To speed up the computation of \({J}_{2}^{-1}\) we can run the accelerated program specified by Eqs. (2) and (4). The matrix J2 is therefore replaced by the matrix λJ2, and we introduce an additional source of noise with variance (4). In Fig. 2a we show the error E2 in the computer’s estimate of the elements of \({J}_{2}^{-1}\), as a function of the clock acceleration parameter λ. Here, the program time is set to tf = 1, and ns = 104 samples are collected. We overlay this result on that of Fig. 1c, the error associated with the original program (1) run for time tf. As expected from comparison of (1) and (5), these results are essentially the same: the accelerated program run for tf is equivalent to the original program run for λtf.

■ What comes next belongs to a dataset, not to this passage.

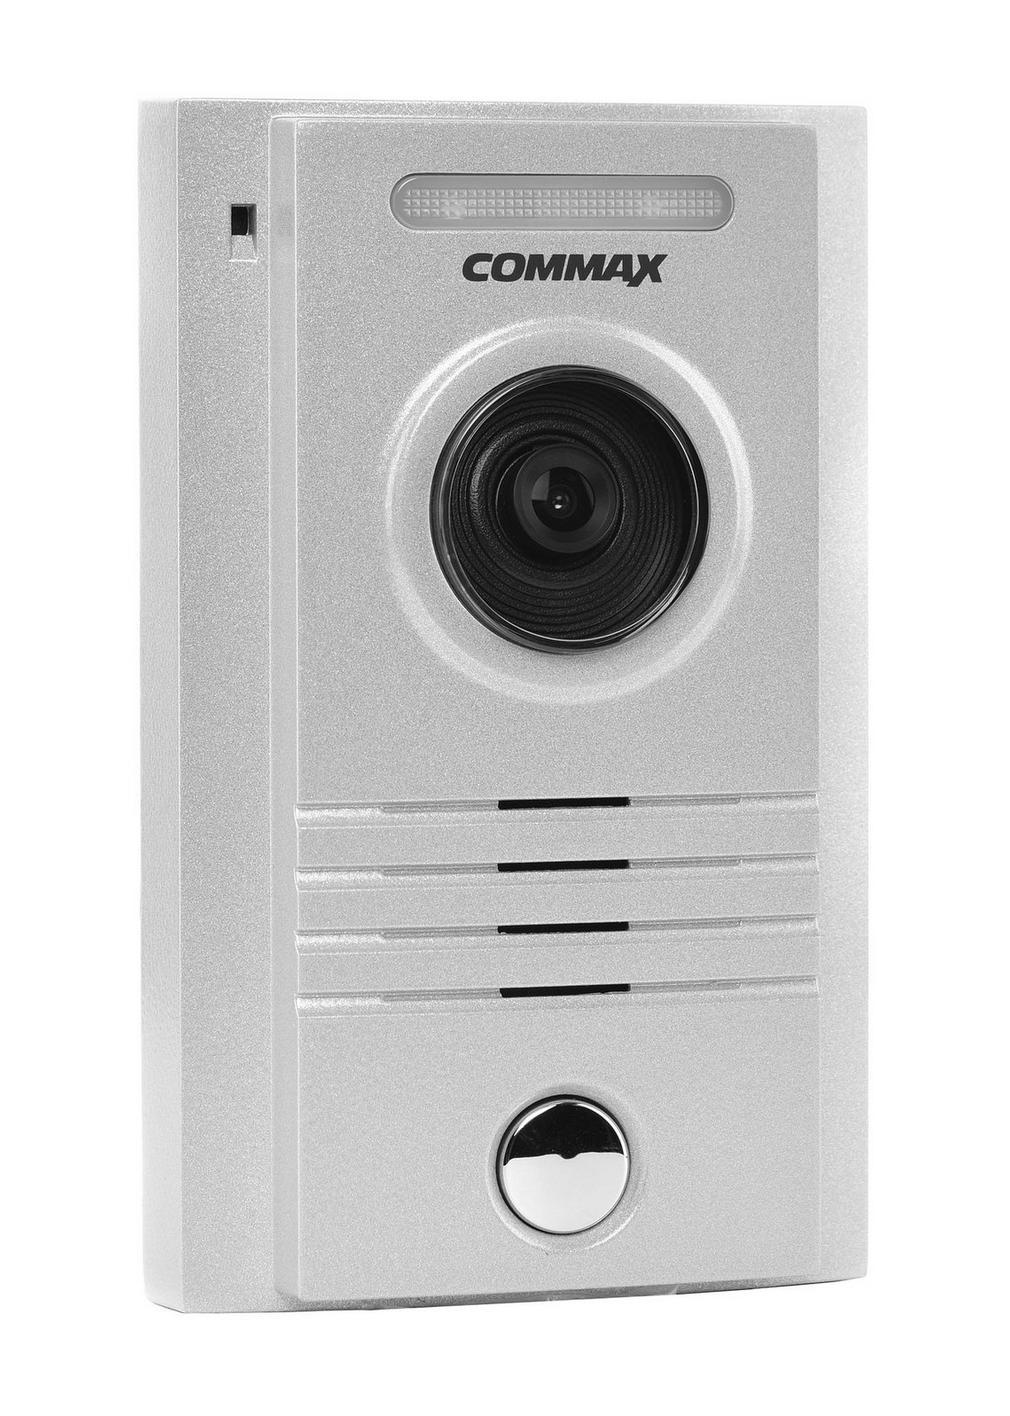 زر انتركوم خارجي بكاميرا بوابة ملونة يمكن ربطها ب 3 شاشات داخلية  من كوماكس DRC-40K

Fig. 2: Accelerated matrix inversion program.
a Error E2 [Eq. (9)] in the estimate of the matrix \({J}_{2}^{-1}\) using the accelerated computer program (2) and (4) run for time tf = 1, as a function of the clock-acceleration parameter λ (black dashed line). This result is overlaid on the data of Fig. 1c, derived from the original program (1) run for time tf (green). We collect ns = 104 samples for each program. As expected from the comparison of (1) and (5), the accelerated program run for time tf is equivalent to the original program run for time λtf. b Exact elements of \({J}_{2}^{-1}\) and those estimated using the accelerated program run for time tf = 1 at two values of λ. The case λ = 1 is equivalent to the original program.
Using the accelerated program with λ = 1000, the total compute time for inverting J2 at the clock speeds of the computer of refs. 16,17 would be reduced from of order 1 s (for the original program) to of order 1 ms. If all samples were run on parallel hardware, the wall time for the computation would be of order 0.1 μs.
In panel (b), we show the inverse matrix elements extracted from the accelerated program (2) and (4) for two values of λ. As expected from the comparison of (1) and (5), the elements extracted using λ = 1000 (lower panel) for program time tf = 1 are as accurate as those extracted using the original program run for time tf = 1000 (right panel of Fig. 1e).